O fenômeno da ausência de mão de obra em tecnologia não é exclusivo no Brasil. Segundo a IDC, consultoria mundial para os mercados de tecnologia, o mercado de TI, globalmente, terá déficit de 570 mil profissionais este ano.
Além de Portugal e Alemanha, Chiodi adiciona que países como Canadá, Reino Unido e Irlanda também fazem uma investida muito forte nos trabalhadores brasileiros da área.
—Recrutadores estrangeiros vêm até o nosso país ou selecionam através das redes sociais especializadas e conseguem atrair para vários países europeus e para a América do Norte — relata ele.
Graduação é ou não necessária?
A faculdade é essencial ou um curso técnico é suficiente para ter sucesso na área? Marianna Ford, gerente comercial da Elumini,consultoria de recrutamento de profissionais de TI, não percebe diferenças no diploma de graduação em termos de performance ou qualidades nas entregas.

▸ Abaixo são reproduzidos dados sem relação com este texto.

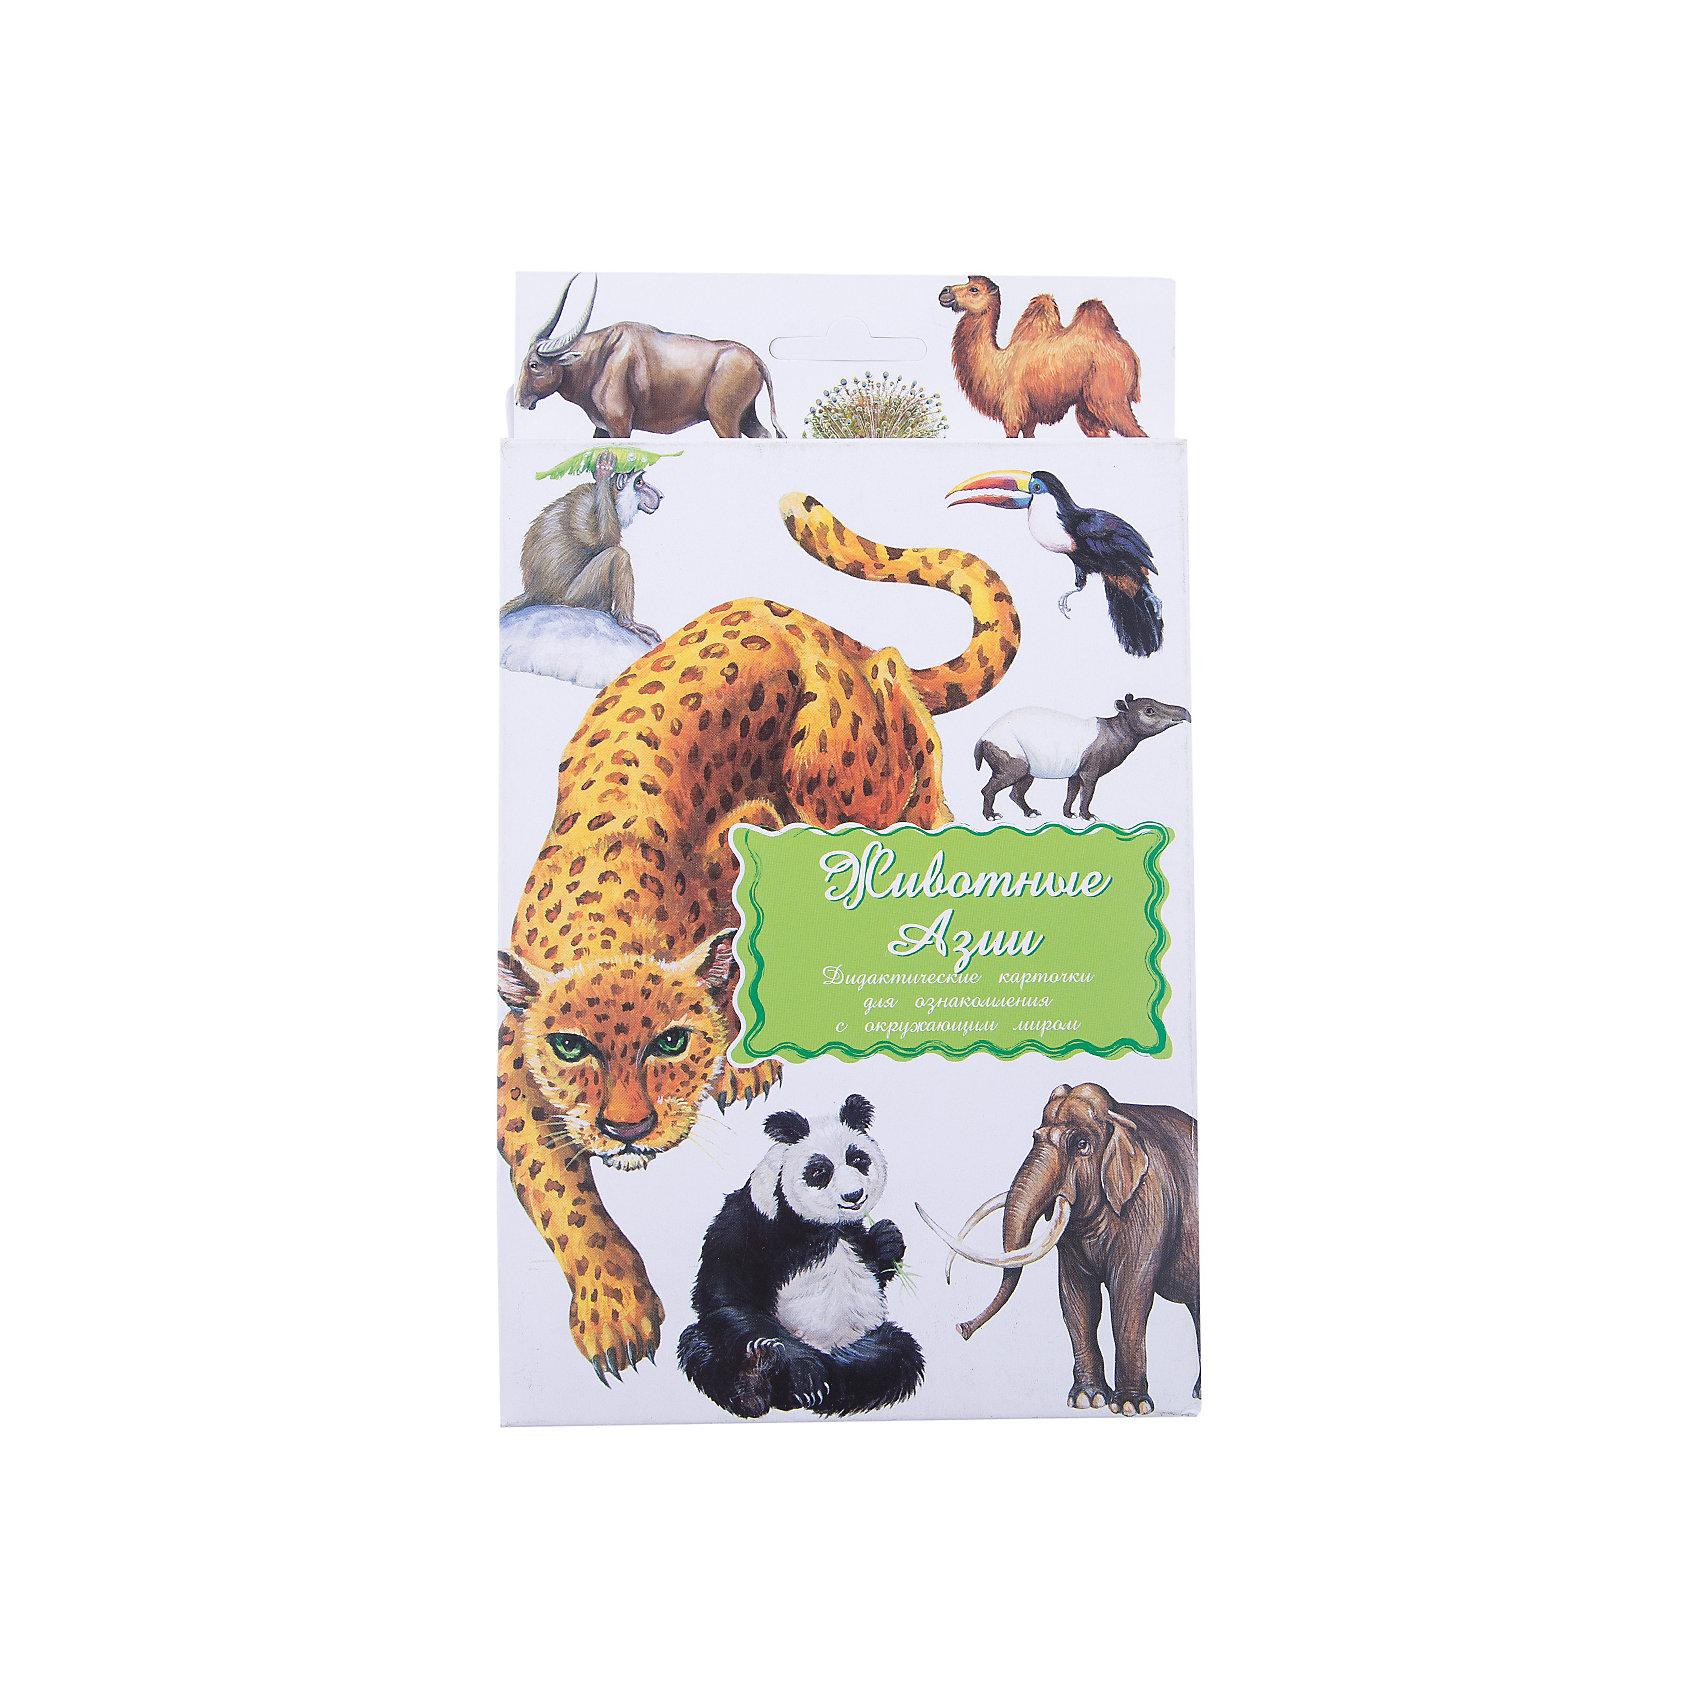 Маленький гений Дидактические карточки Животные Азии дидактические карточки животные азии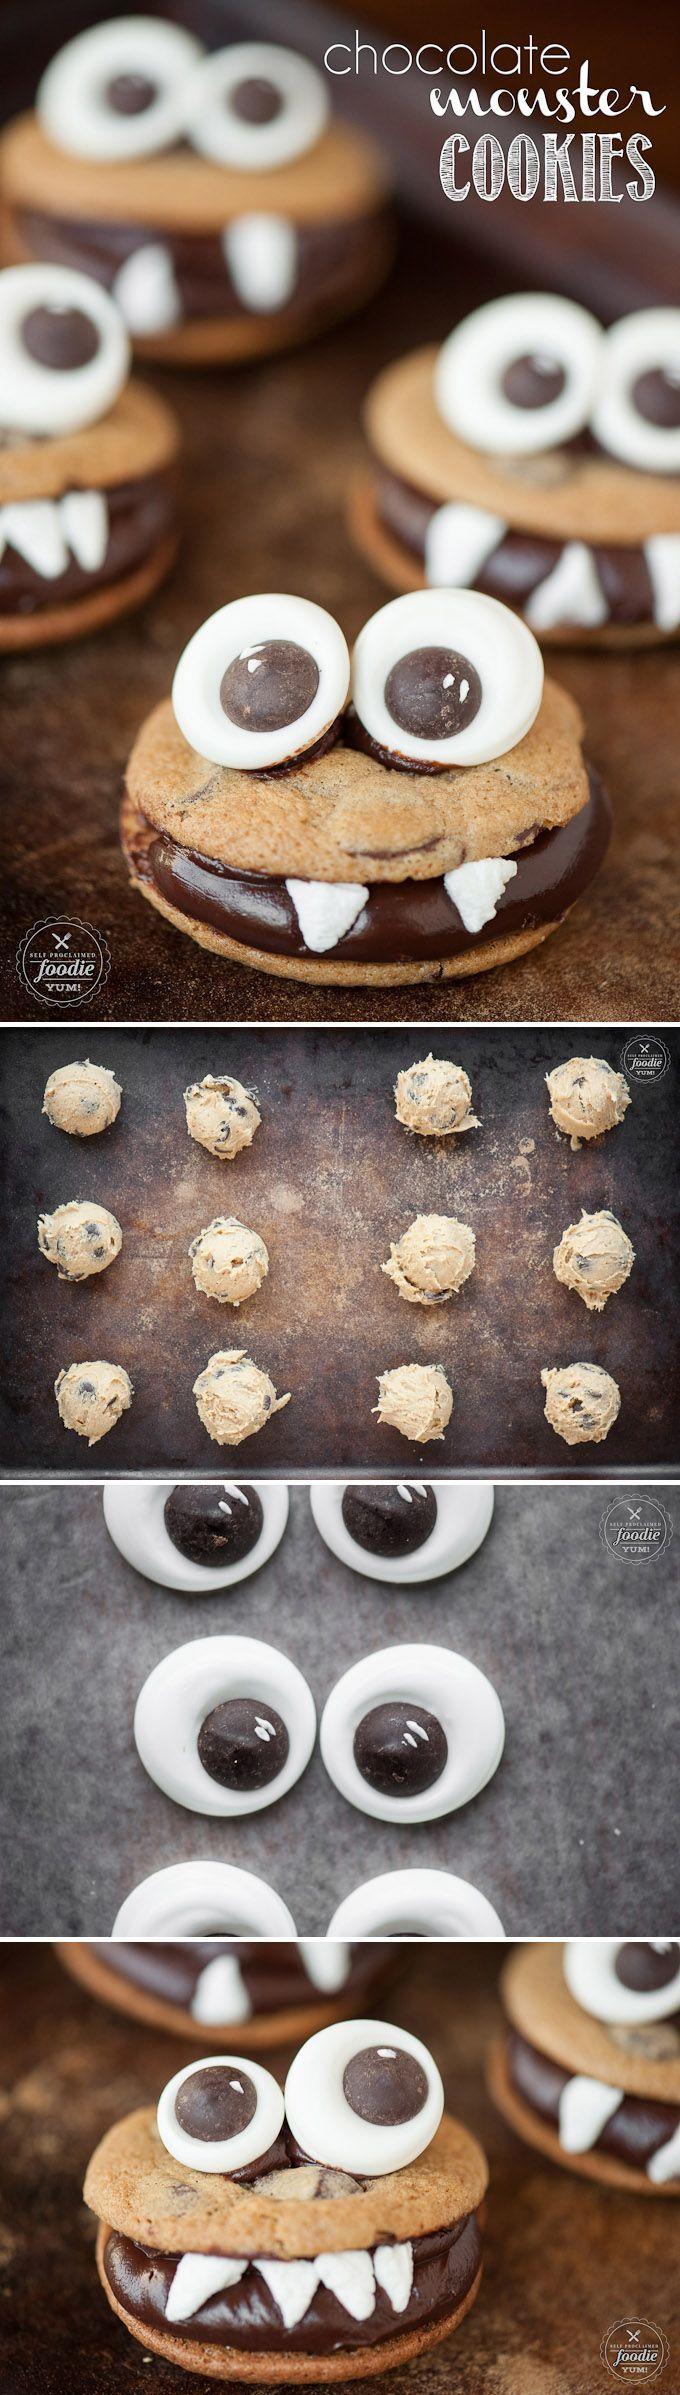 chocolate monster cookies halloween dessertshalloween cookieshalloween funholiday - Unique Halloween Desserts

— As grandes empresas tradicionais exigem essa formação. Outras, com uma cultura mais flexível, não fazem essa exigência e, da mesma forma, têm um bom resultado — explica ela.
Diego Barbosa, headhunter da Yoctoo, consultoria de recrutamento e seleção para tecnologia concorda.
— A gente vê cada vez mais profissionais de diferentes graduações migrando para posições nas áreas de tecnologia e digital. Então, a graduação não é mais um fator essencial, mas algo que pode facilitar a entrada em algumas empresas. Existe esse movimento das companhias valorizando cada vez mais o conhecimento aplicado e cada vez menos a graduação . No processo de seleção, em vez de pedir um certificado, elas podem solicitar para que o candidato realize um teste ou um case técnico para validar aquele conhecimento, por exemplo —cita ele.
Na opinião de Leonardo Filardi, diretor executivo da 42|RIO, escola que ensina programação gratuitamente da Fábrica de Startups, dependendo da área, um técnico pode ter bastante destaque.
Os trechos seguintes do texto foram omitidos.